In my pevious post, when I said the costs were about 1ok intrvel costs, that was PWER GRAM of substance recovered .

It would be neat to have the moon as a fusion center of research and development.
Setanta
 
  1  
Reply Mon 31 May, 2010 08:22 pm
@farmerman,
I don't know if i've mentioned it in this thread yet, but one of the attractive things about the moon is the lack of a deep gravity well. You could harvest the raw materials to make mining equipment from the asteroid belt, manufacture it in lunar orbit, and then run back out to the belt for more.

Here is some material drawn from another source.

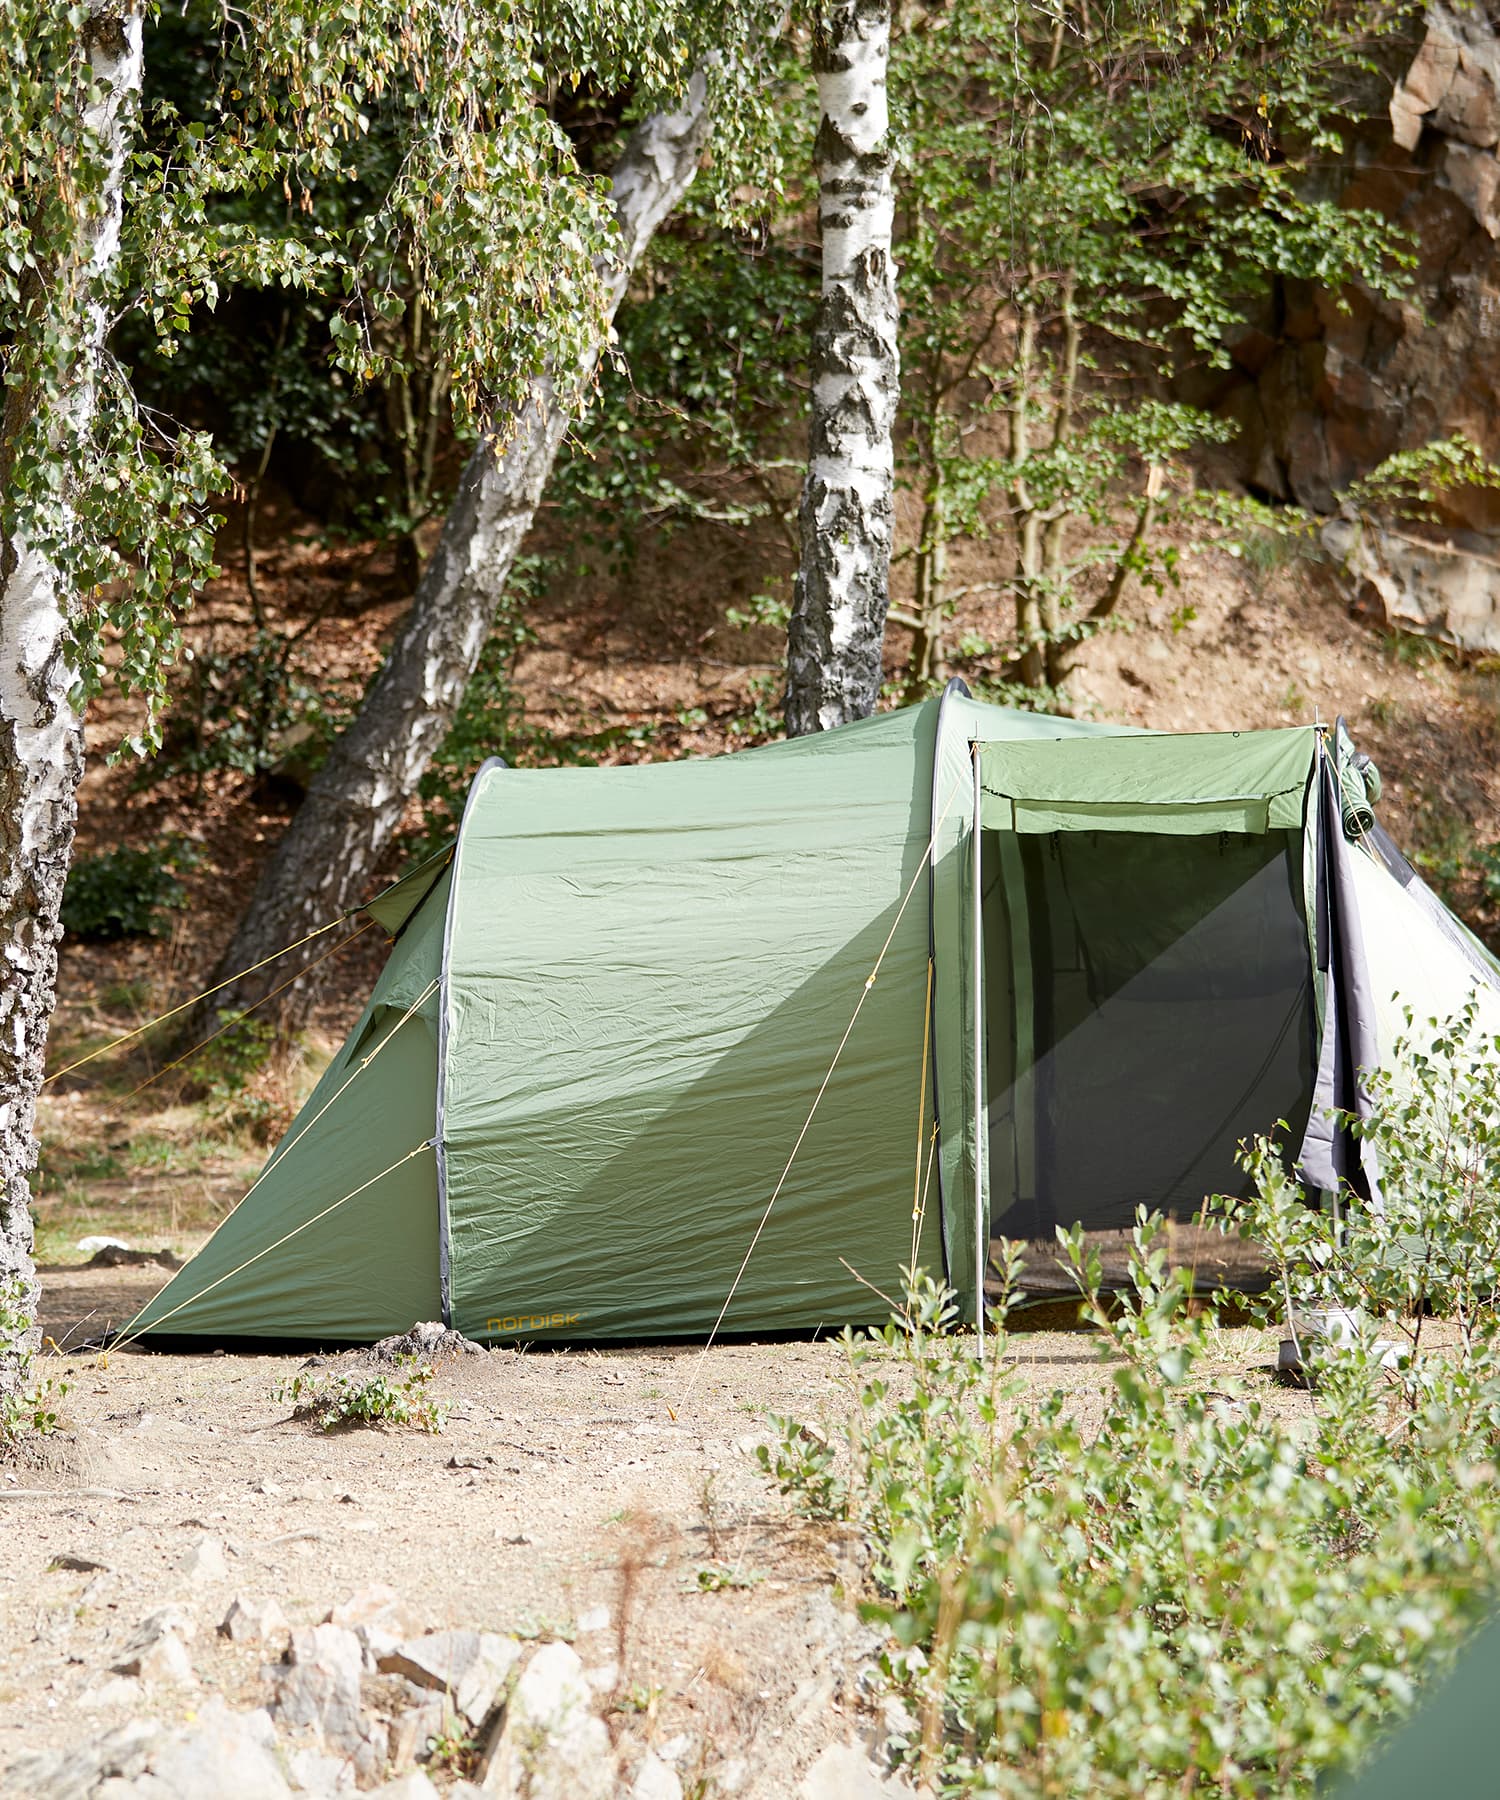 Lucidaノルディスク NORDISK レイサ4 122056 PU キャンプ テント 4人用 2ルームテント ドームテント Reisa

It would make absolutely no sense to manufacture it on the earth, and the boost it out of the mother well--way too expensive.

Screw Mars, as i've already said, that's conceit, that's an ego trip. Let's go back to the moon and get busy. Wasn't Selena all about gettin' busy anyway?
Eorl
 
  1  
Reply Mon 31 May, 2010 08:37 pm
@Setanta,
Columbus wrote:

Screw America, Let's go back to Africa and get busy.
Brandon9000
 
  1  
Reply Mon 31 May, 2010 08:44 pm
@Thomas,
Thomas wrote:

Brandon9000 wrote:
I suspect that something like my story happened a few times before and during Man's expansion on the Earth, but even if it didn't, it can serve as a hypothetical to illustrate my point.

Sorry, but when your point is that expanding human settlements isn't about economics, you can't support it with a parable tha may well be about economics. There need be no difference between a cave man saying "let's explore the other side of that hill, see what we find" and him saying "let's explore the other side of that hill, see if we can find food there." DrewDad's parable is just a little more focused on your parable. Your parable doesn't support exploration for its own sake at all.

First of all, I didn't say that expansion wasn't about economics. I said that it wasn't only about economics. My point was that in retrospect, the expansion of the human race from its origin in sub-Saharan Africa to cover most of the Earth was helpful to Man for reasons many of which he could hardly have anticipated in cave man days. My position is that for Man to stay on this little piece of rock in a cosmos with trillions of stars is short-sighted. The idea that there is no point in exploring and settling other worlds without an immediate dollar payoff strikes me as comically short-sighted.